**Assignment**
Repeat every line of the listing below exactly, minus the pictures.

**Material provided**
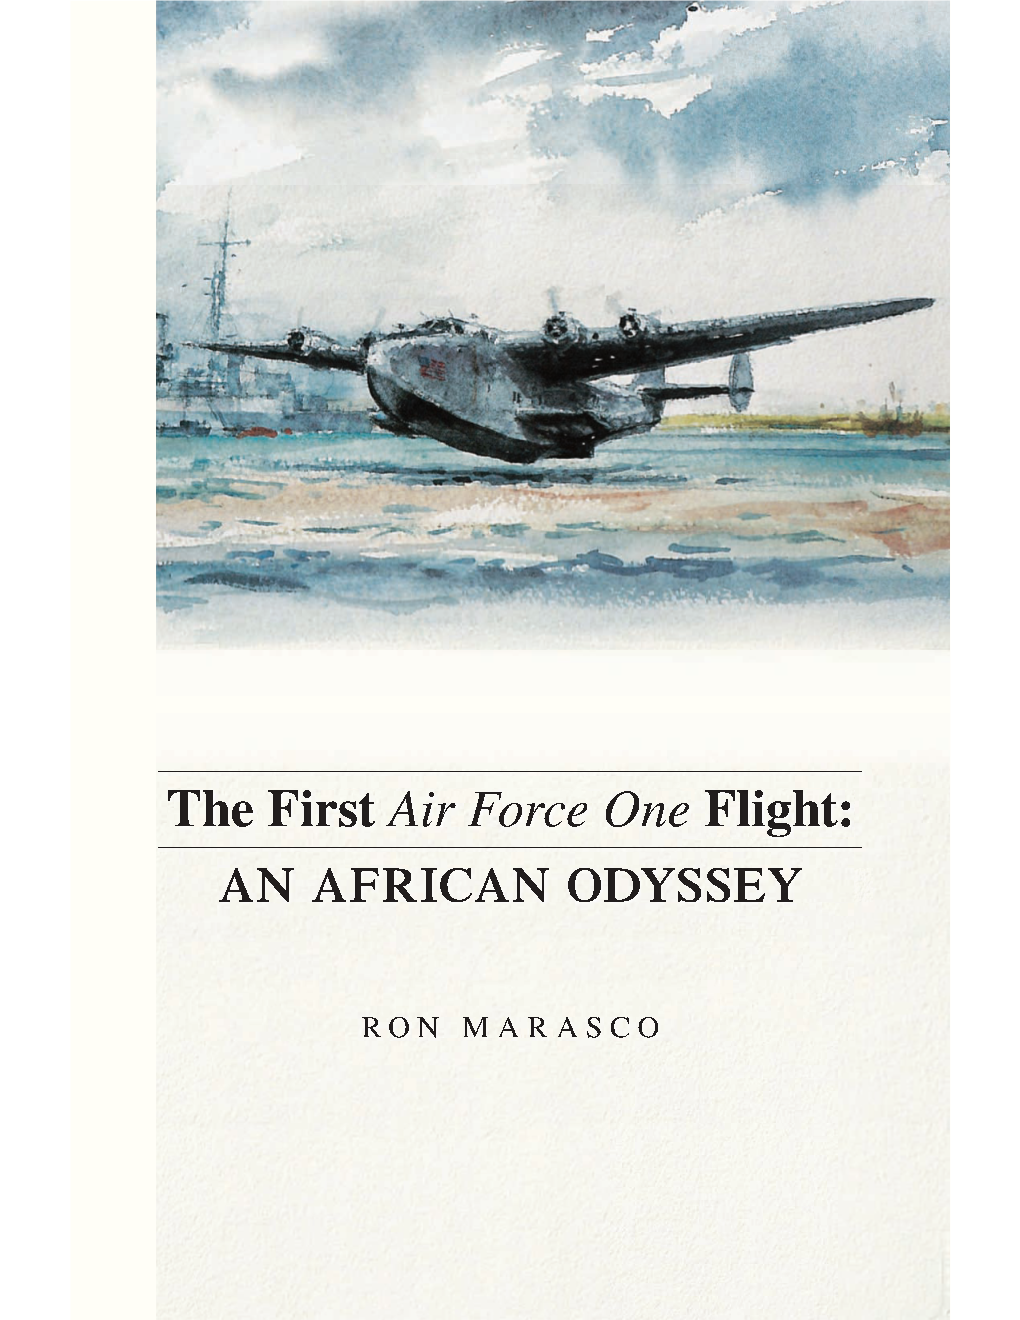 Air Force One Flight: an AFRICAN ODYSSEY
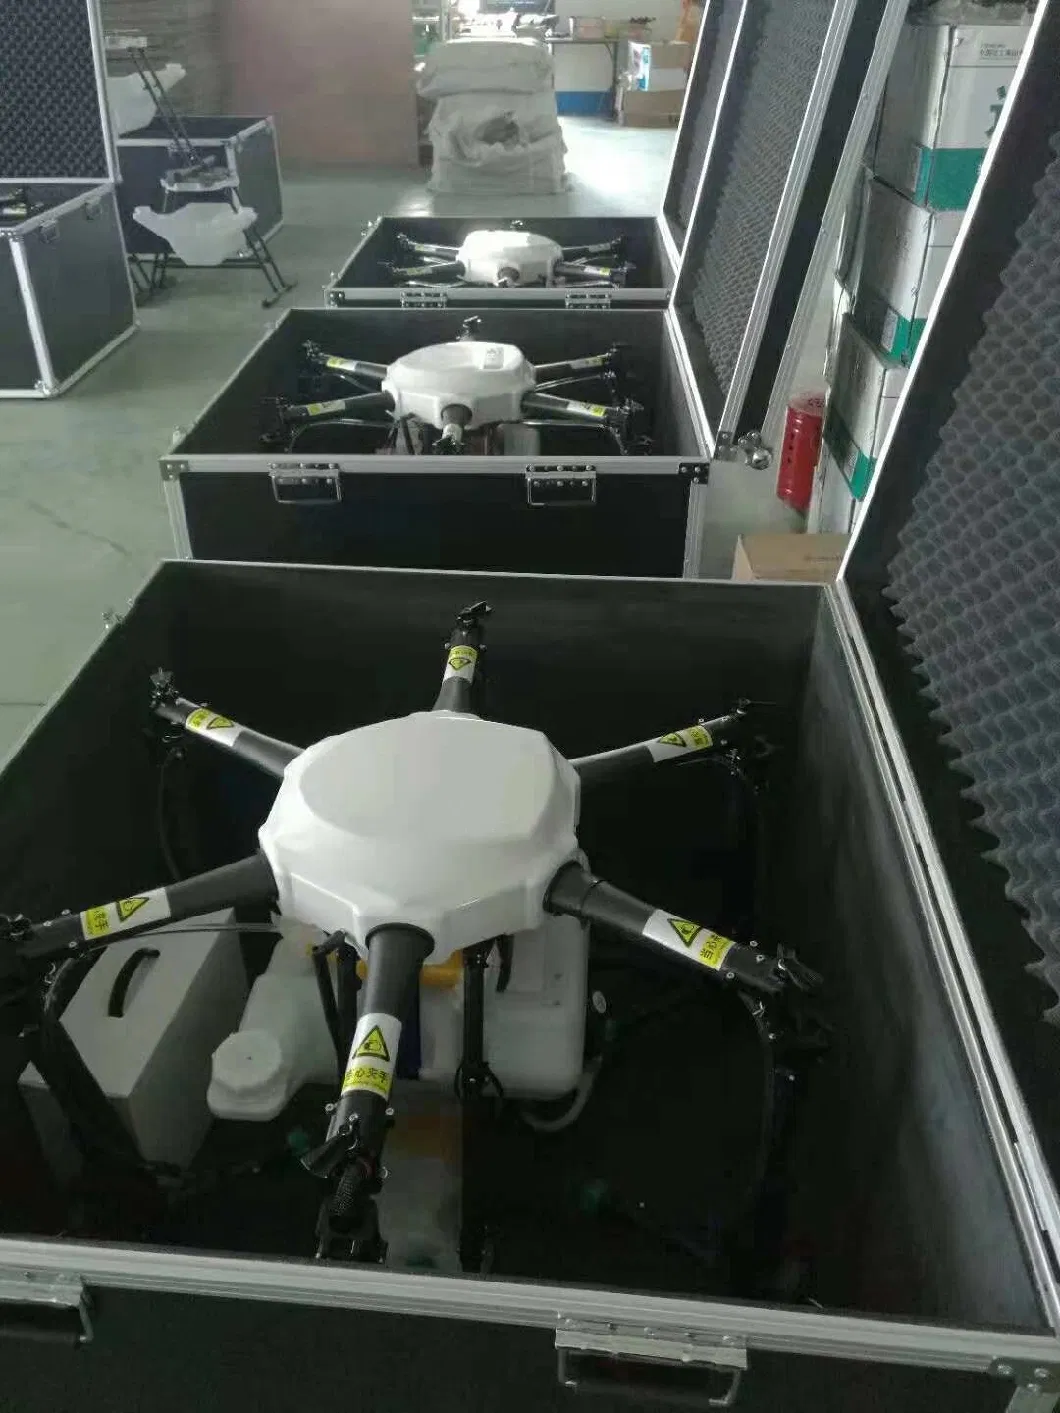 Agricultural Drone Sprayer Pesticide Drones
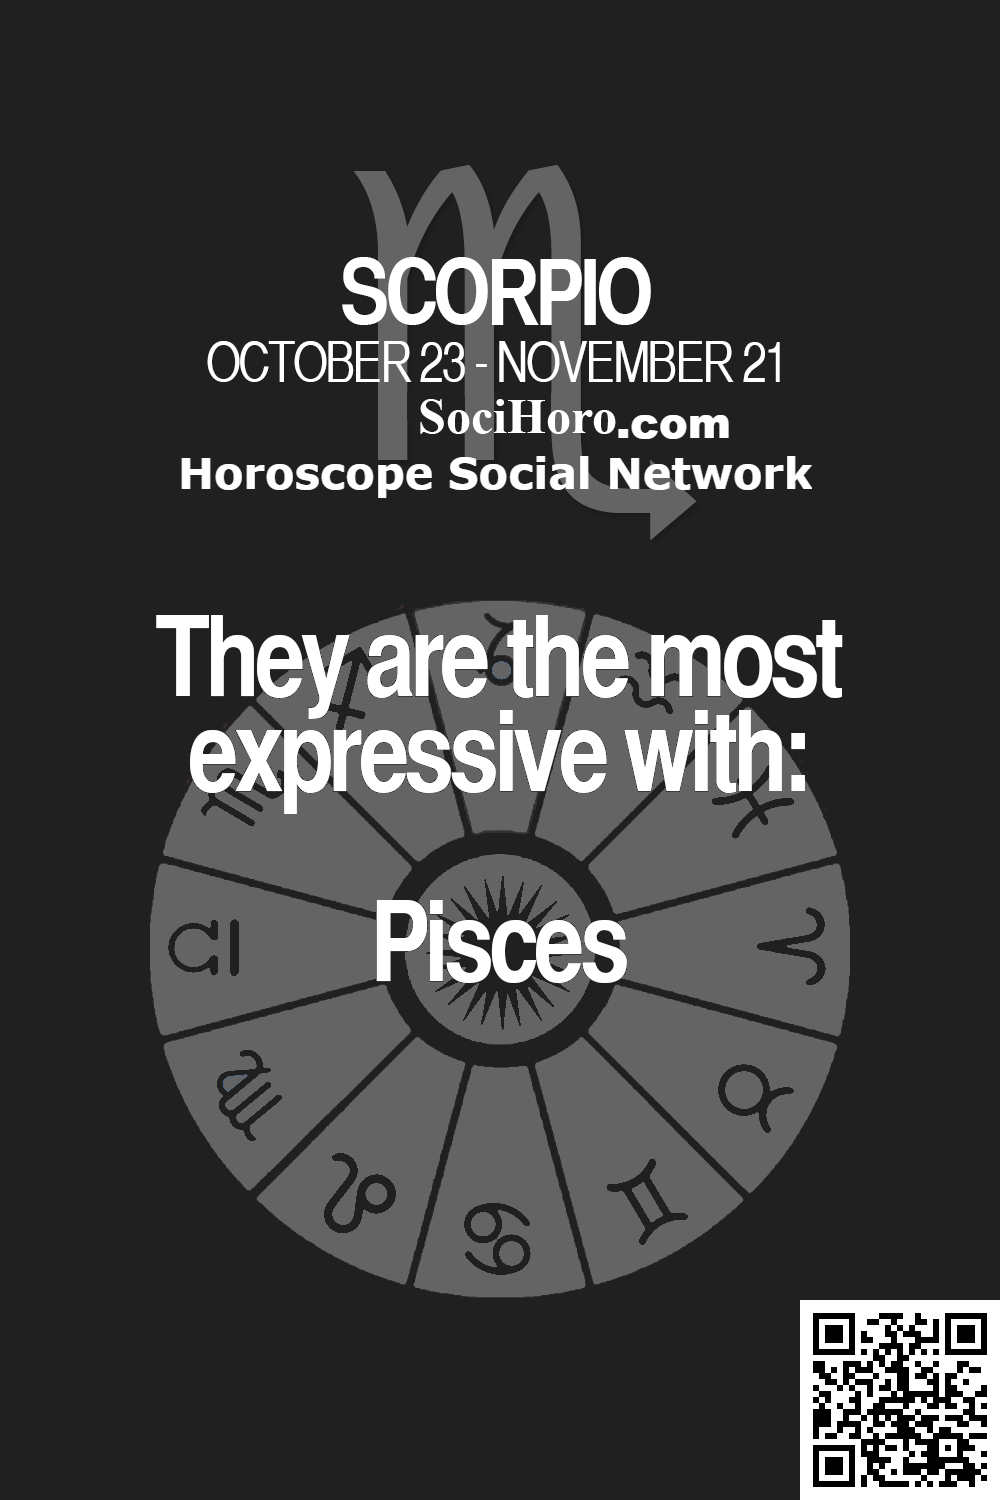 Scorpio - Quotes - Zodiac - SociHoro - Horoscope Social Network

**Your response**
 Air Force One Flight: an AFRICAN ODYSSEY
 Agricultural Drone Sprayer Pesticide Drones
 Scorpio - Quotes - Zodiac - SociHoro - Horoscope Social Network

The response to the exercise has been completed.